Drug resistance in tuberculosis is a significant problem in countries endemic for tuberculosis. A sensitive, specific, and high-throughput reverse line blot assay (RLBA) for the detection of genotypic resistance to rifampicin (RIF) was designed and evaluated. DNA sequencing done for 72 resistant isolates from Delhi, for baseline data, showed mutations within the rpoB core region in all RIF-resistant strains. The RLBA includes oligonucleotide probes specific for wild-type and mutant sequences, allowing sensitive detection of both genotypes in a single assay. The assay based on reverse hybridization principle simultaneously detects 13 different mutations affecting 6 independent codons, including the most prevalent mutations at positions 531 and 526. Application of the method to a panel of 292 MDR TB isolates and susceptible strains from 5 different cities in India showed 98% concordance with the sequencing results. This rapid, simple, economical, and highly sensitive assay provides a practical alternative to sequencing for genotypic evaluation of RIF resistance in Mycobacterium tuberculosis.

rpoB gene sequencing and spoligotyping of multidrug-resistant Mycobacterium tuberculosis isolates from India.
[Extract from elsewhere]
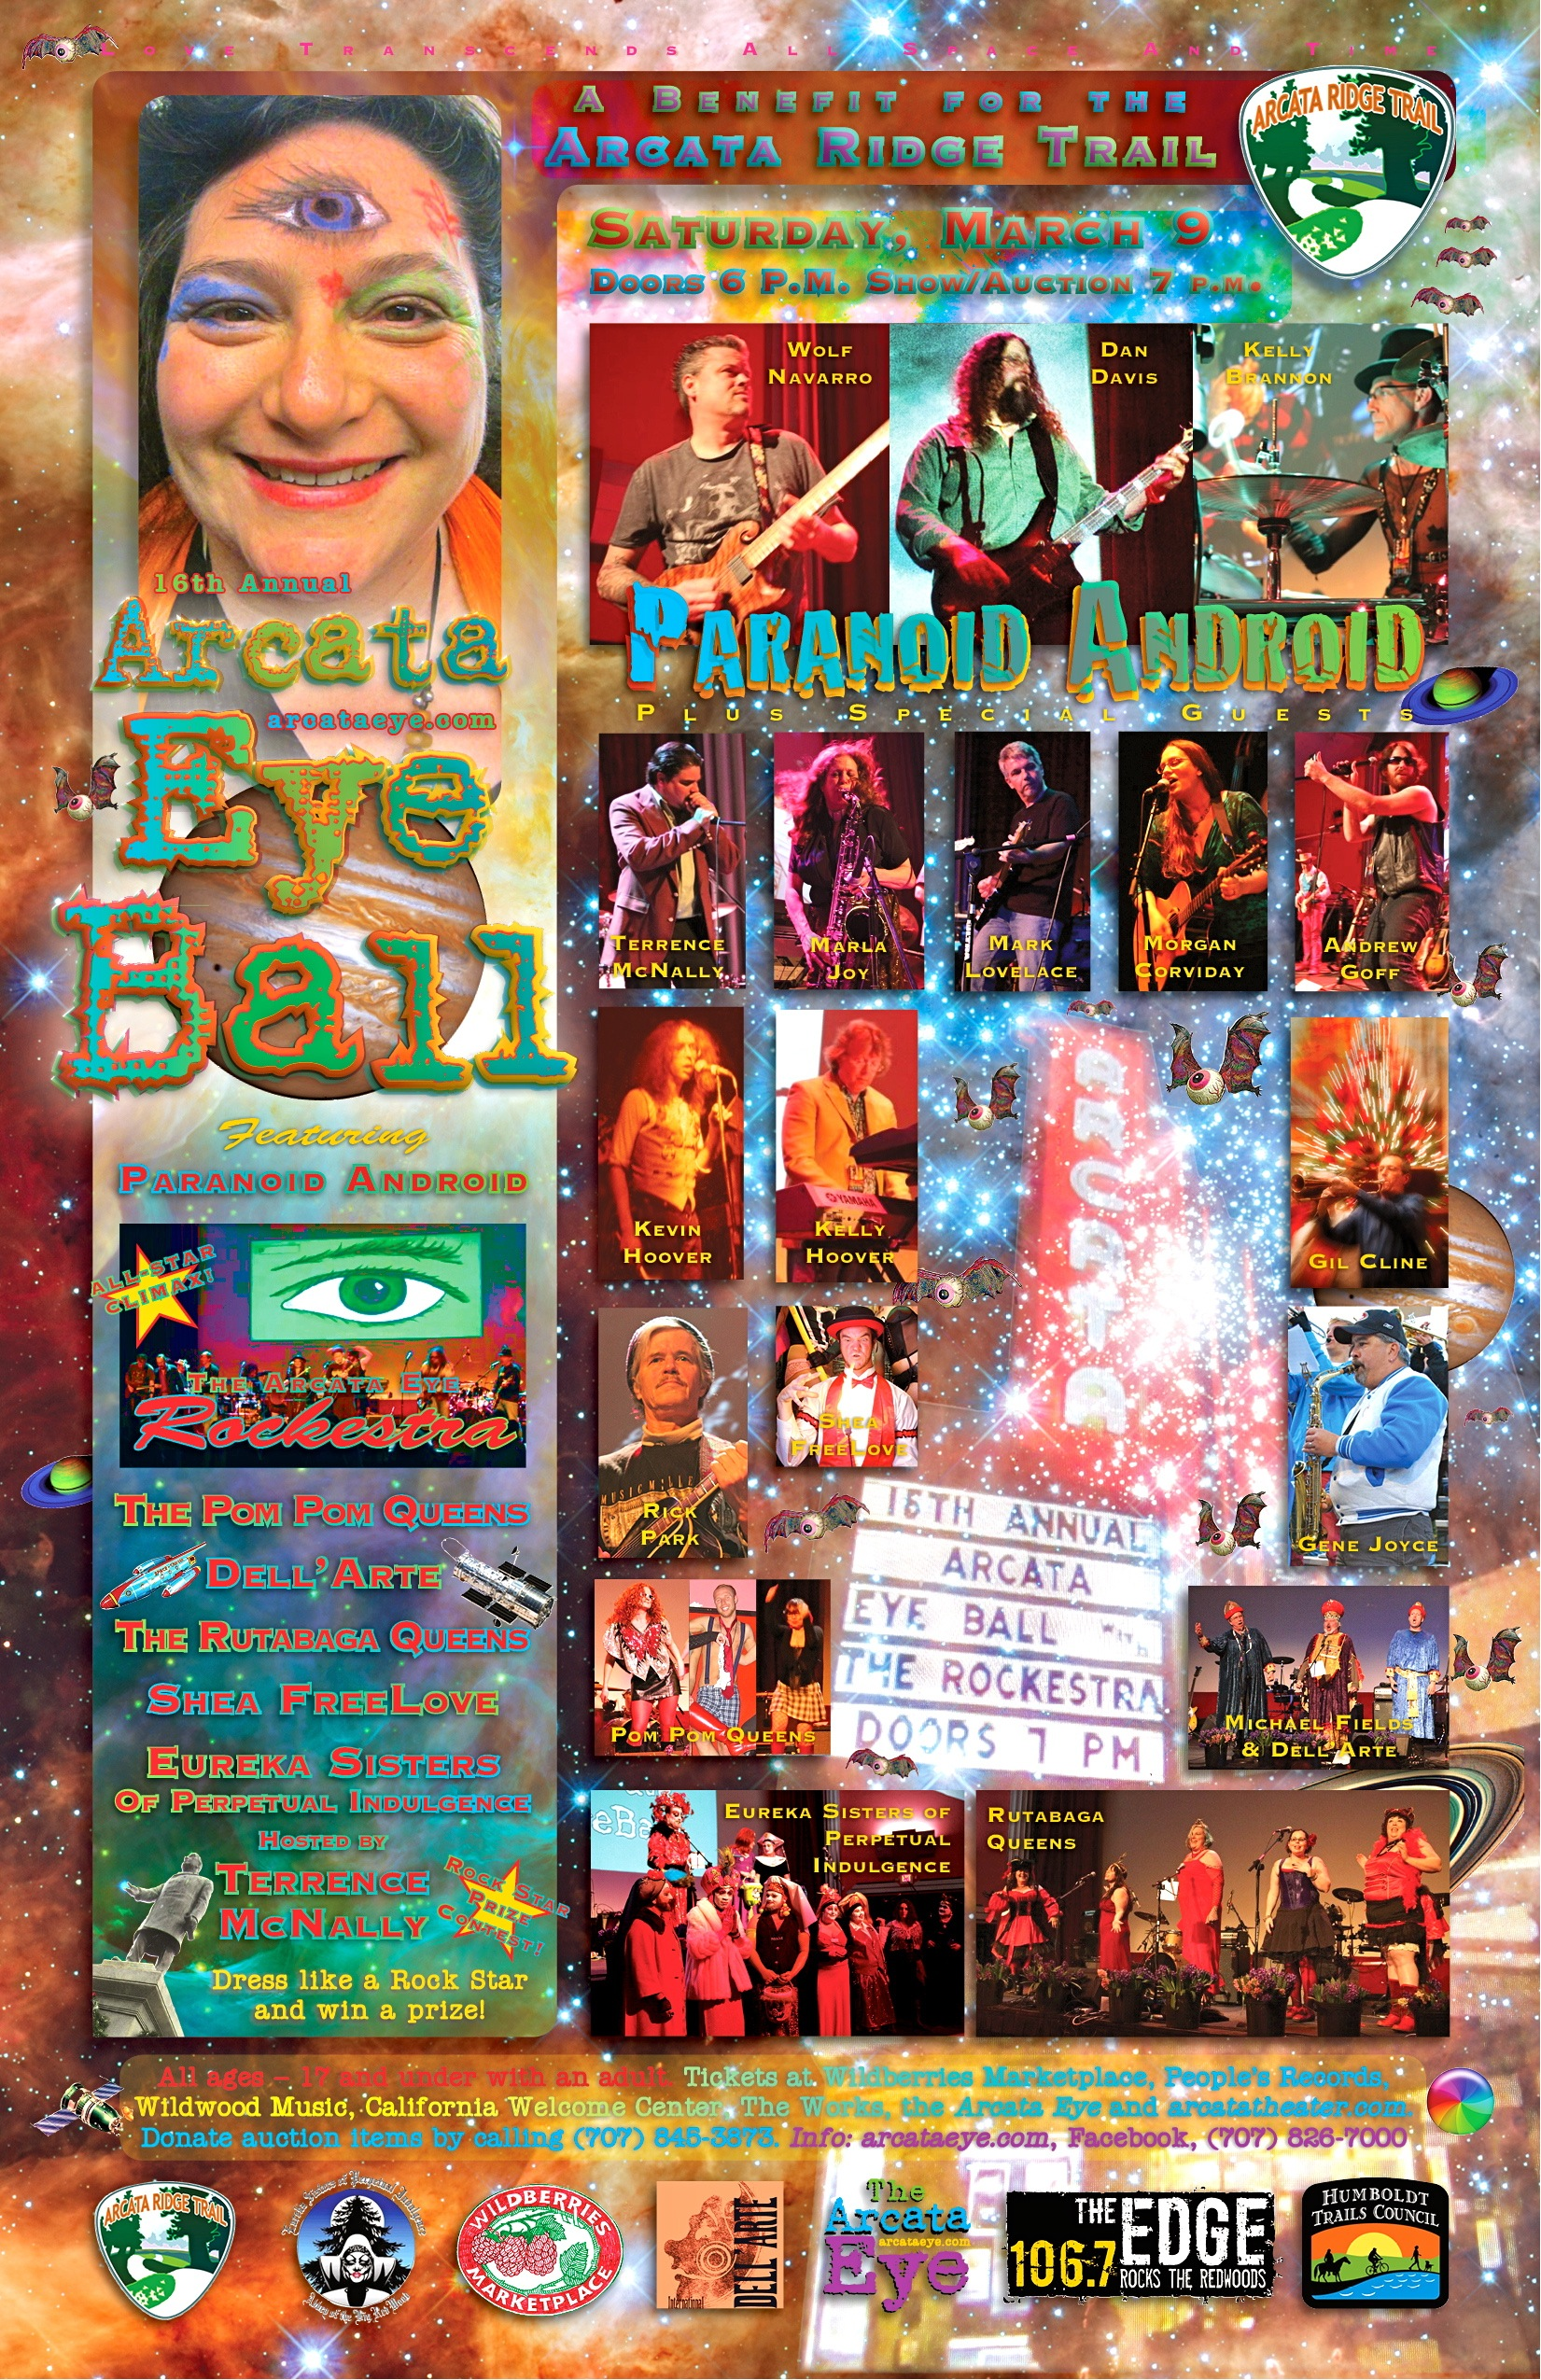 eye-balll-2013-poster_0

Multi drug-resistant Mycobacterium tuberculosis (MDR TB) has been well studied in outbreaks in settings of low endemicity in developed countries. However, the characteristics of MDR TB in the community with high endemicity such as India have not been well investigated. Mutations in the 81-bp rifampicin resistance-determining region of the rpoB gene were analyzed by DNA sequencing of 187 M. tuberculosis clinical isolates (149 resistant and 38 sensitive) from different parts of India. 146-Point mutations and two insertions were found in 146 of 149 resistant isolates in seven codons. The most common mutations were in codons 531 (59%), 526 (22%), and 516 (11.5%). Mutations were not found in three (2%) of the resistant isolates. N-terminal sequencing in these isolates showed no mutation at codon V176. None of the drug-susceptible isolates showed any mutation in the 437-bp rpoB gene segment sequenced. Genotypic analysis revealed a total of 80 different spoligotypes. A unique pattern was found in 65 (43.6%) isolates, whereas 84 (56.4%) were in 15 clusters. Comparison with an international spoligotype database showed ST26, Delhi type (18.1%), ST1, Beijing type (9.4%), and ST11 (5.4%), as the most common. The majority of isolates in the Beijing genotype (13/14) were associated with mutation 531TTG and similar drug-resistance patterns while other major clusters showed that the nature and frequency of occurrence of mutations in the rpoB gene were independent of spoligopatterns.

Predominant tuberculosis spoligotypes, Delhi, India.

One hundred five Mycobacterium tuberculosis clinical isolates from the Delhi area were typed by spoligotyping; 45 patterns were identified. Comparison with an international spoligotype database showed type 26, Delhi type (22%), type 54 (12%), and type 1, Beijing type (8%), as the most common. Eighteen spoligotypes did not match any existing database pattern.